Exercise prompt. Reproduce the lines below verbatim. Pictures are to be omitted.

Collected data.

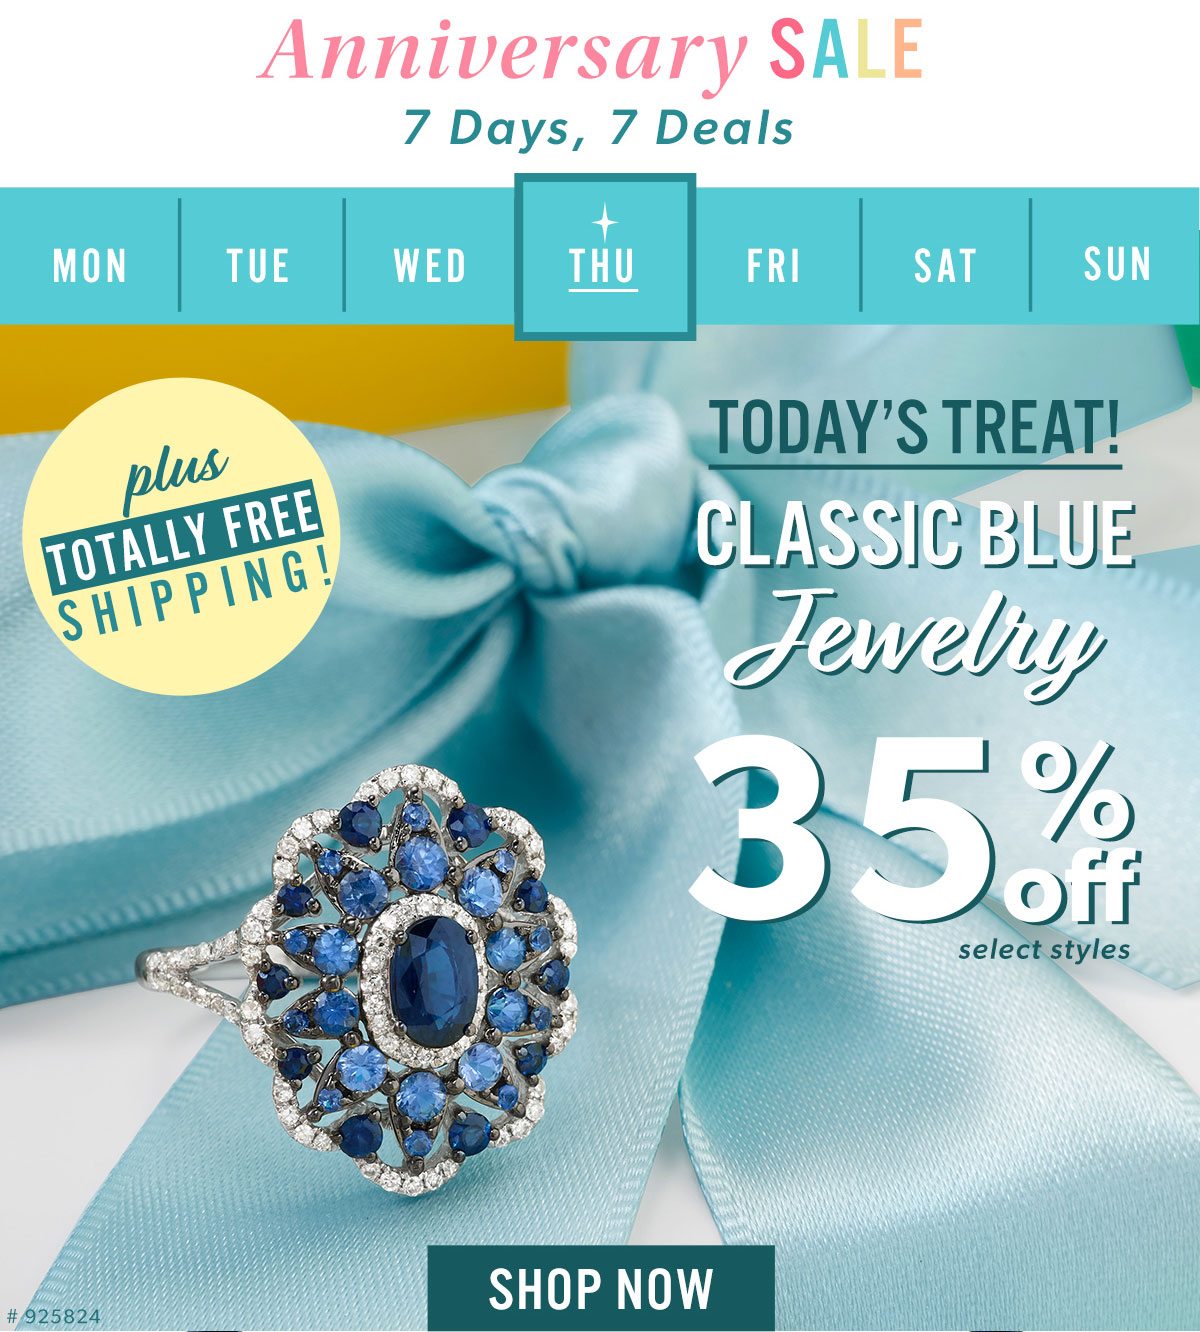 Today's Treat! Classic Blue Jewelry. 35% Off Select Styles. Shop Now
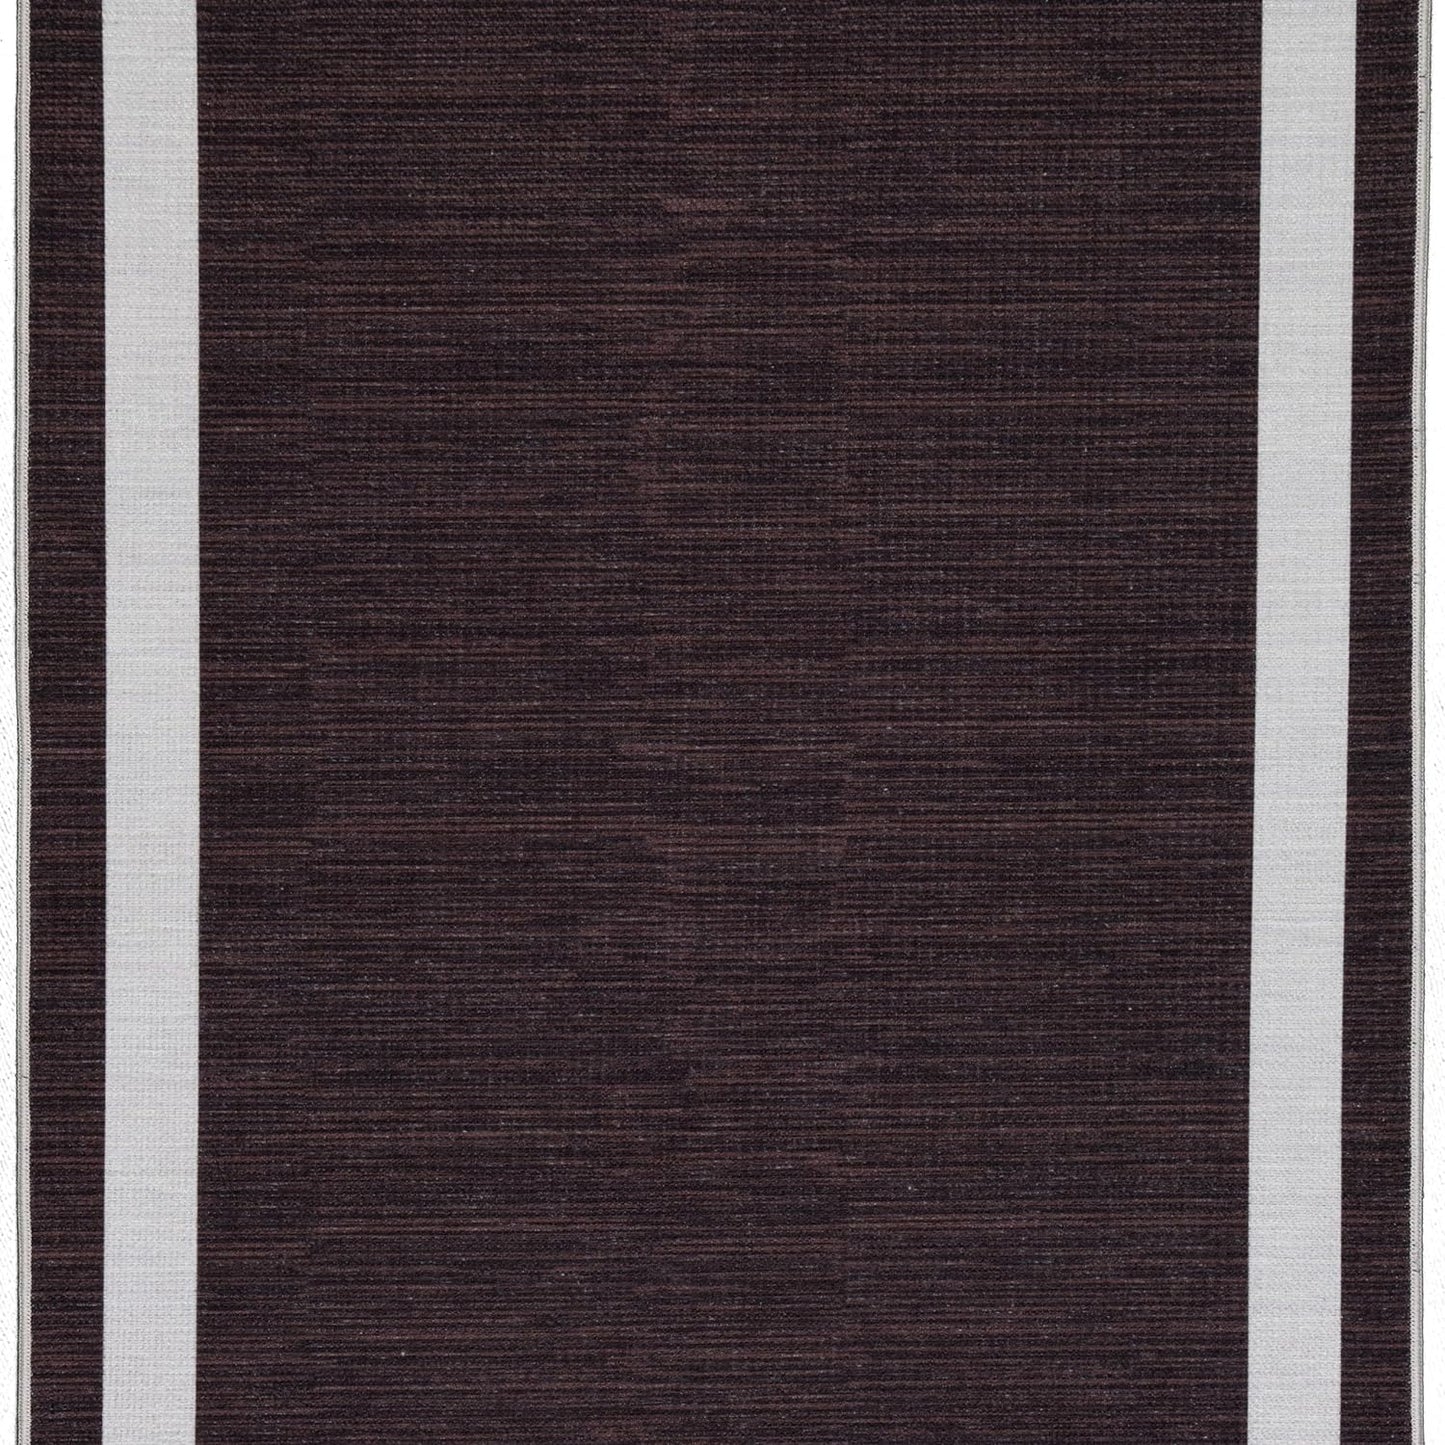 Playa Rug Machine Washable Area Rug With Non Slip Backing - Stain Resistant - Eco Friendly - Family and Pet Friendly - Everest Geometric Modern Bordered Brown&Creme Design
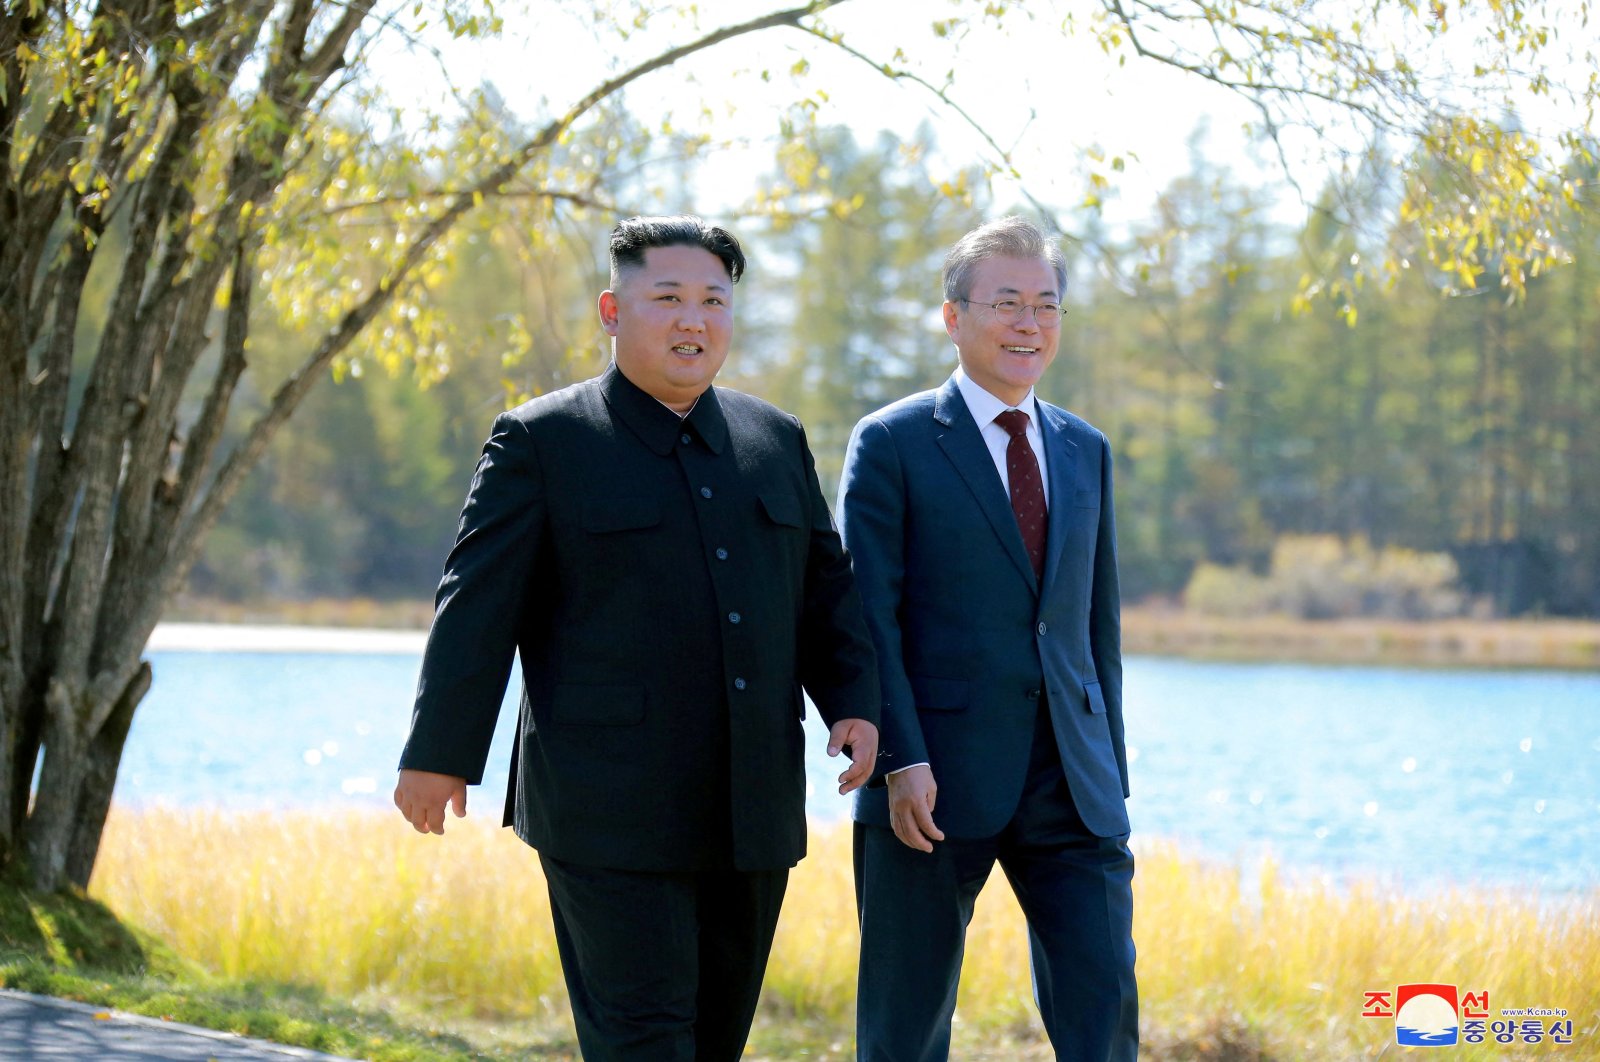 South Korean President Moon Jae-in (R) and North Korean leader Kim Jong Un walk during a luncheon, in this photo released by North Korea&#039;s Korean Central News Agency (KCNA) on Sept. 21, 2018. (KCNA via Reuters)

Task solution.
 Today's Treat! Classic Blue Jewelry. 35% Off Select Styles. Shop Now
 Playa Rug Machine Washable Area Rug With Non Slip Backing - Stain Resistant - Eco Friendly - Family and Pet Friendly - Everest Geometric Modern Bordered Brown&Creme Design
 South Korean President Moon Jae-in (R) and North Korean leader Kim Jong Un walk during a luncheon, in this photo released by North Korea&#039;s Korean Central News Agency (KCNA) on Sept. 21, 2018. (KCNA via Reuters)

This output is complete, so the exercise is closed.